» Records to process:
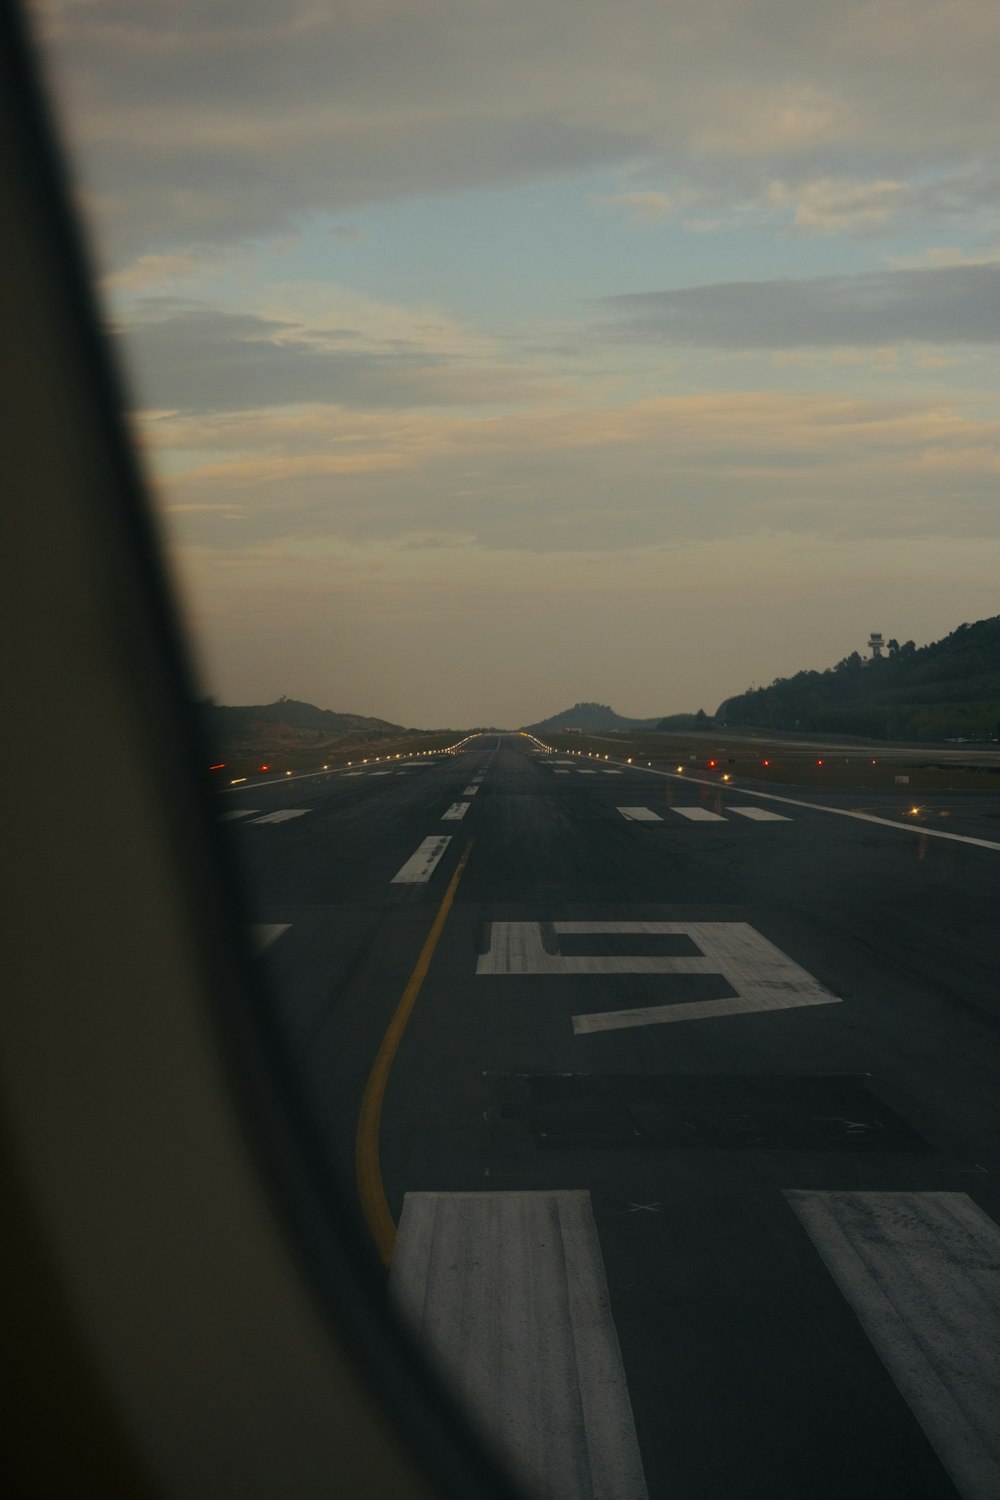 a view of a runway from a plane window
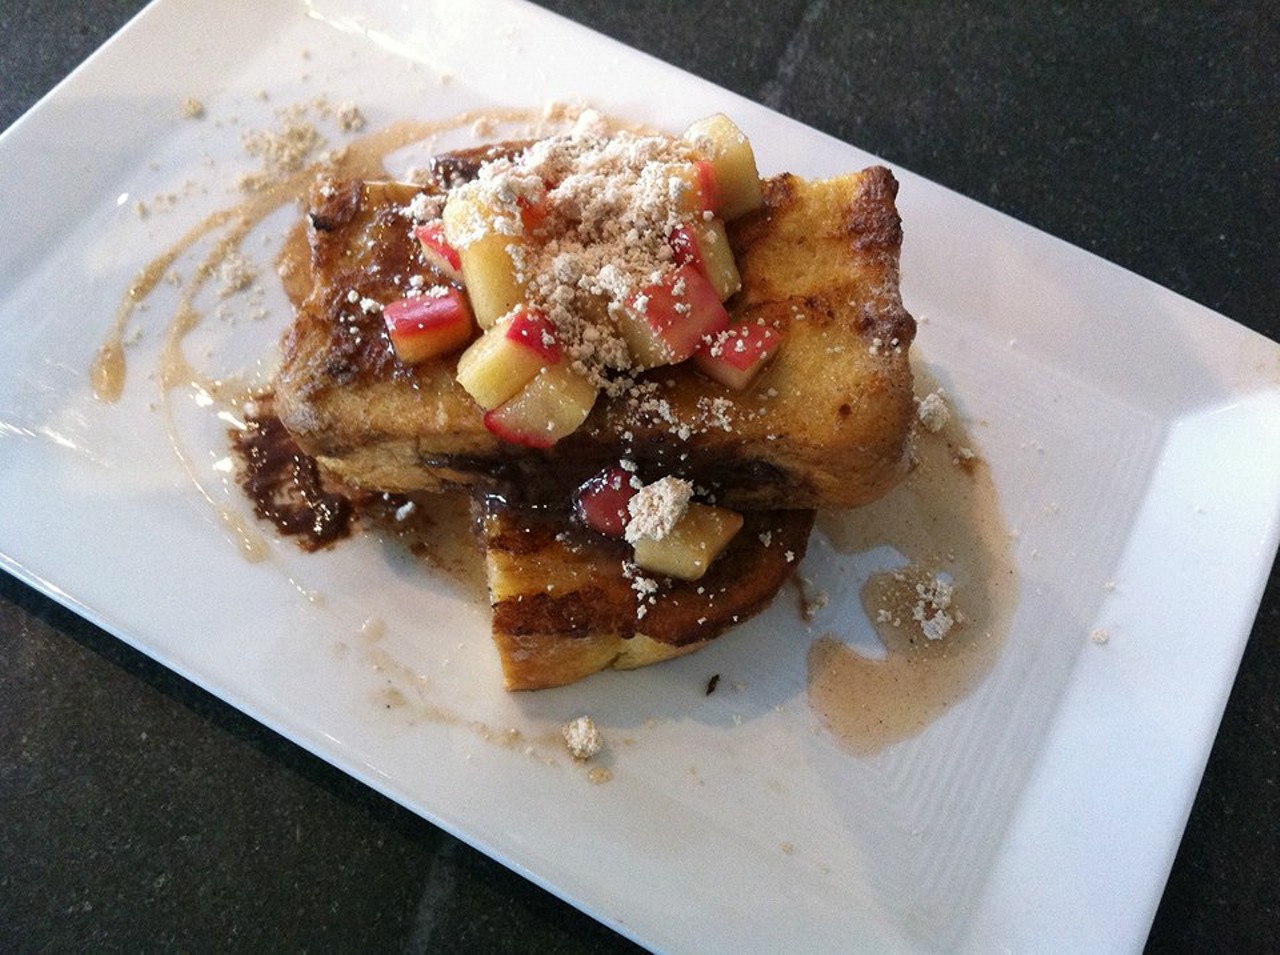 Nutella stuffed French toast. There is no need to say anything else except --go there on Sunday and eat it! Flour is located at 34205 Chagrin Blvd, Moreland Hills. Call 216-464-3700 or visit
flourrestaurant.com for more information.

...

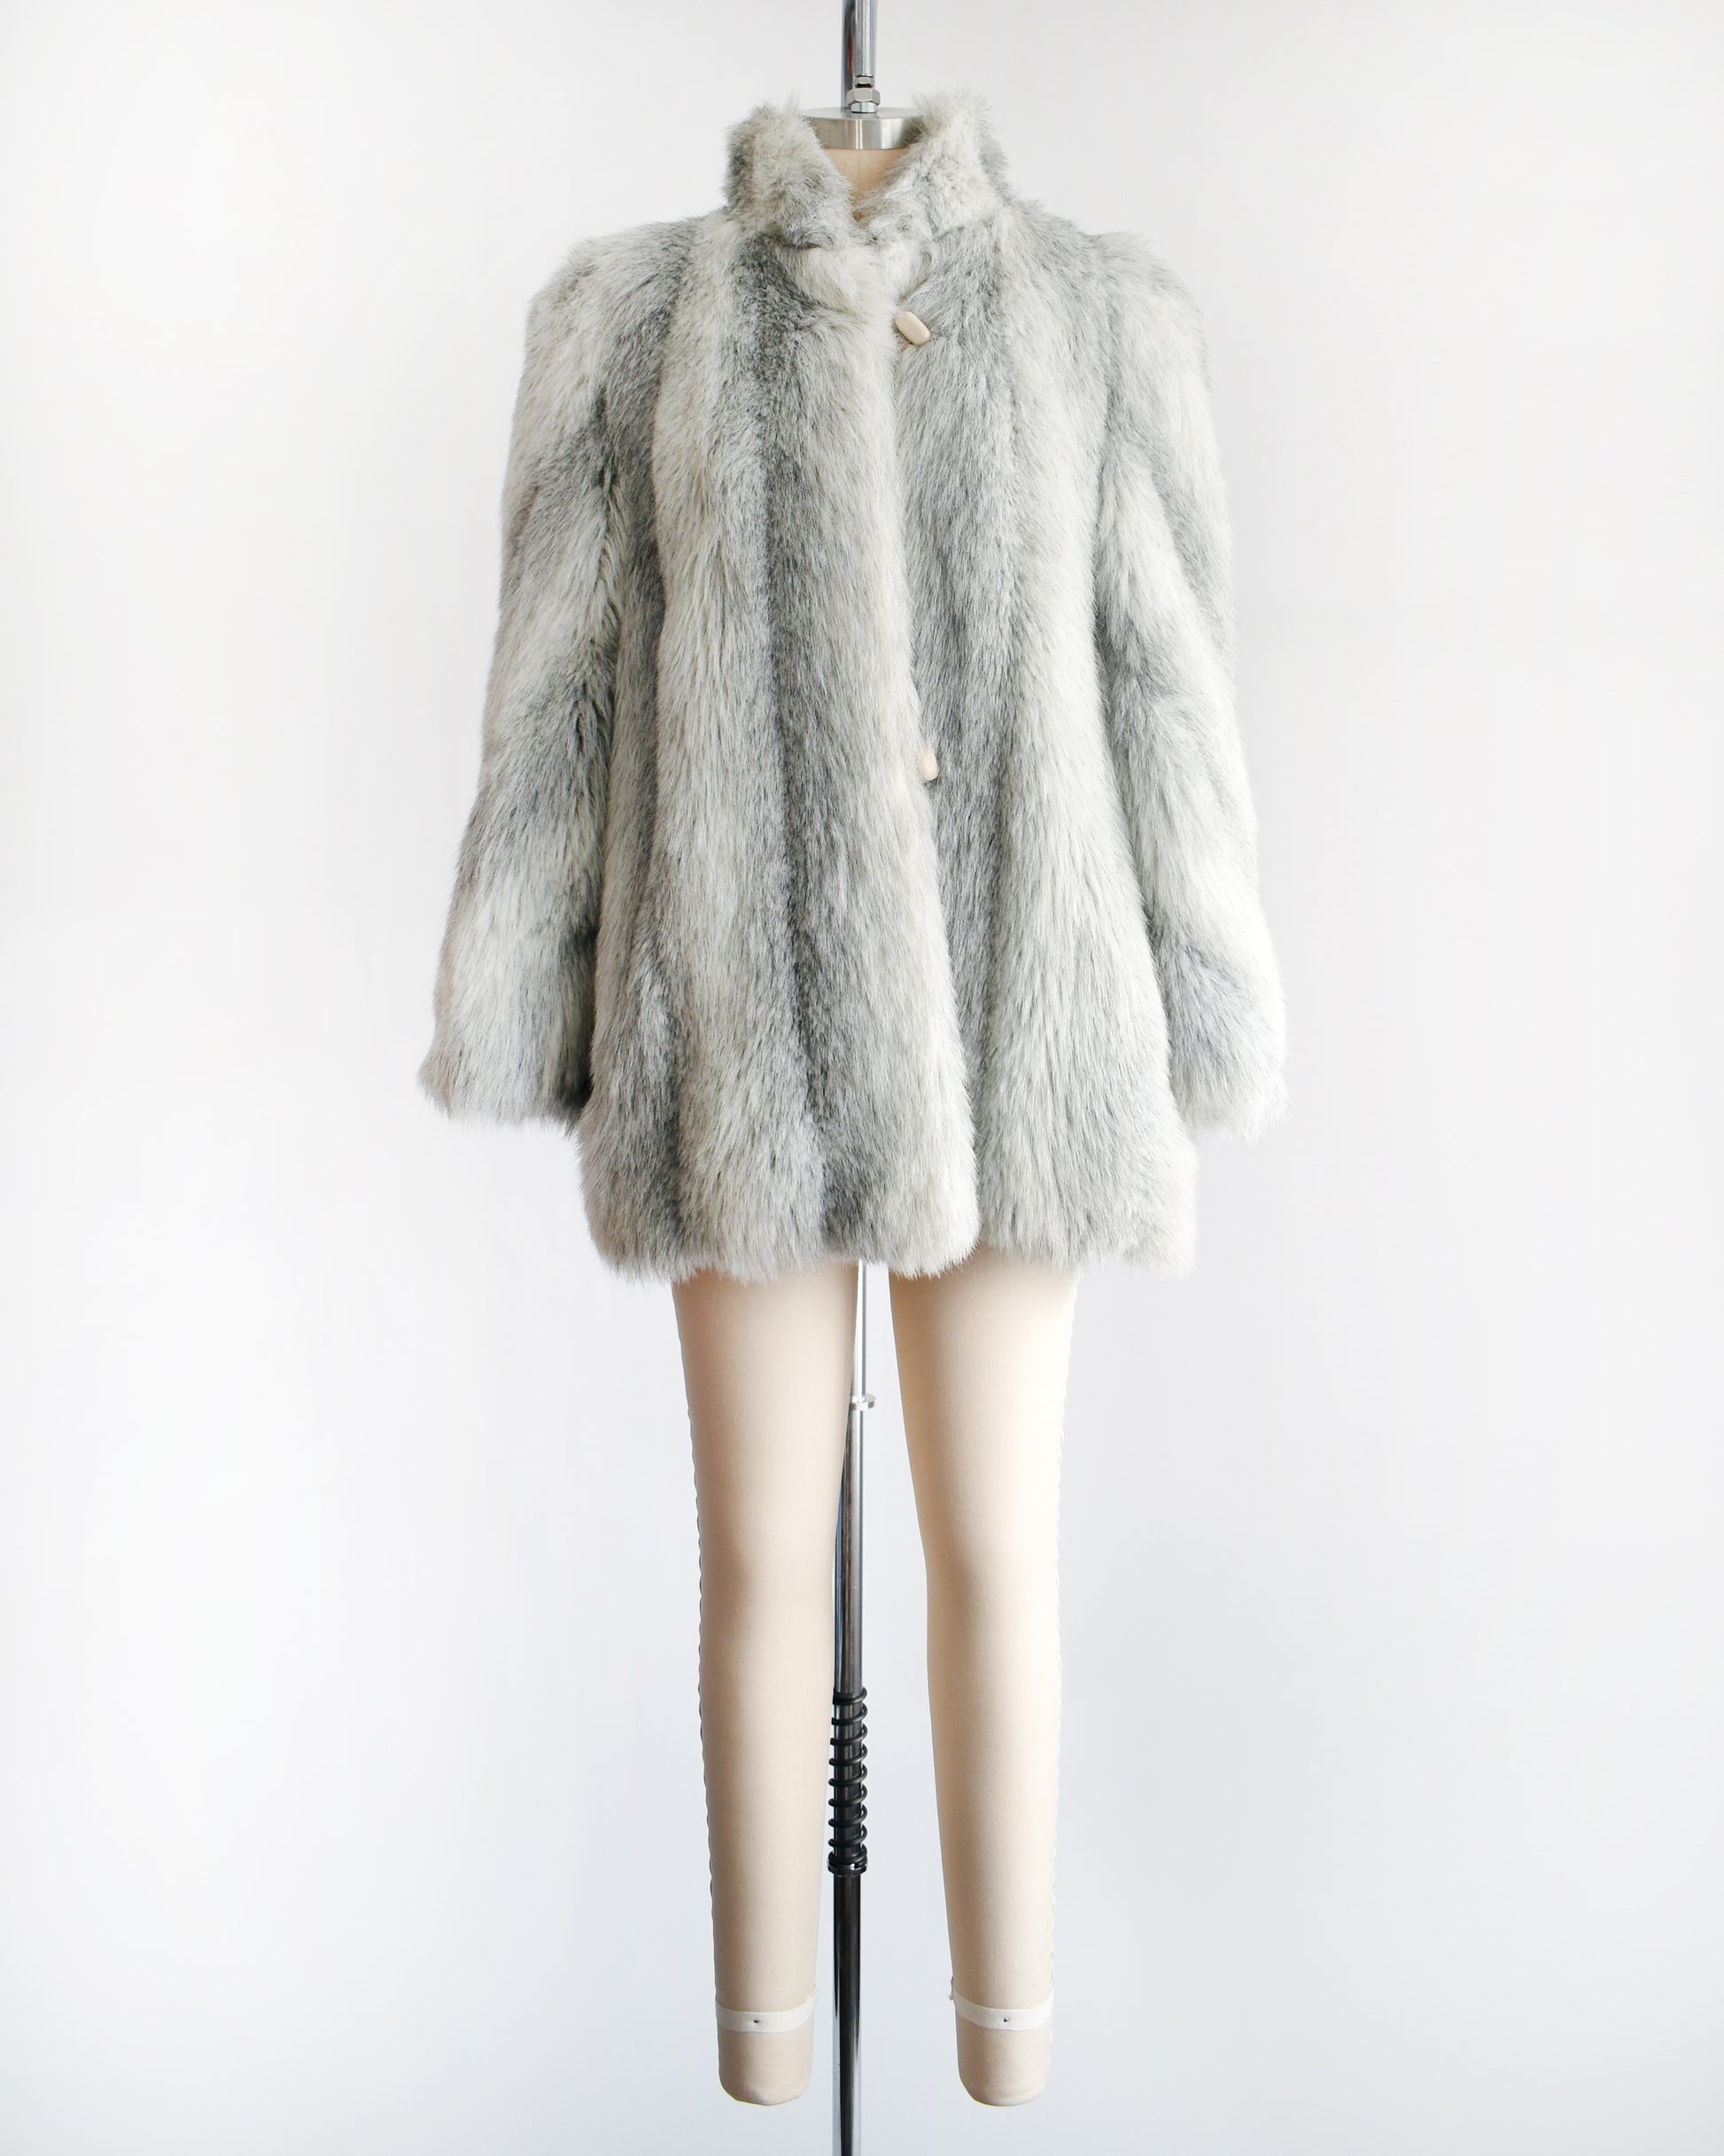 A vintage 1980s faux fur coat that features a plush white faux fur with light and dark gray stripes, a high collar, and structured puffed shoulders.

» Brief: Beginning at the line above that contains "Nutella stuffed French", repeat each line exactly through the one that contains "flourrestaurant.com for more information.", and leave out the pictures.

» Task result:
 Nutella stuffed French toast. There is no need to say anything else except --go there on Sunday and eat it! Flour is located at 34205 Chagrin Blvd, Moreland Hills. Call 216-464-3700 or visit
flourrestaurant.com for more information.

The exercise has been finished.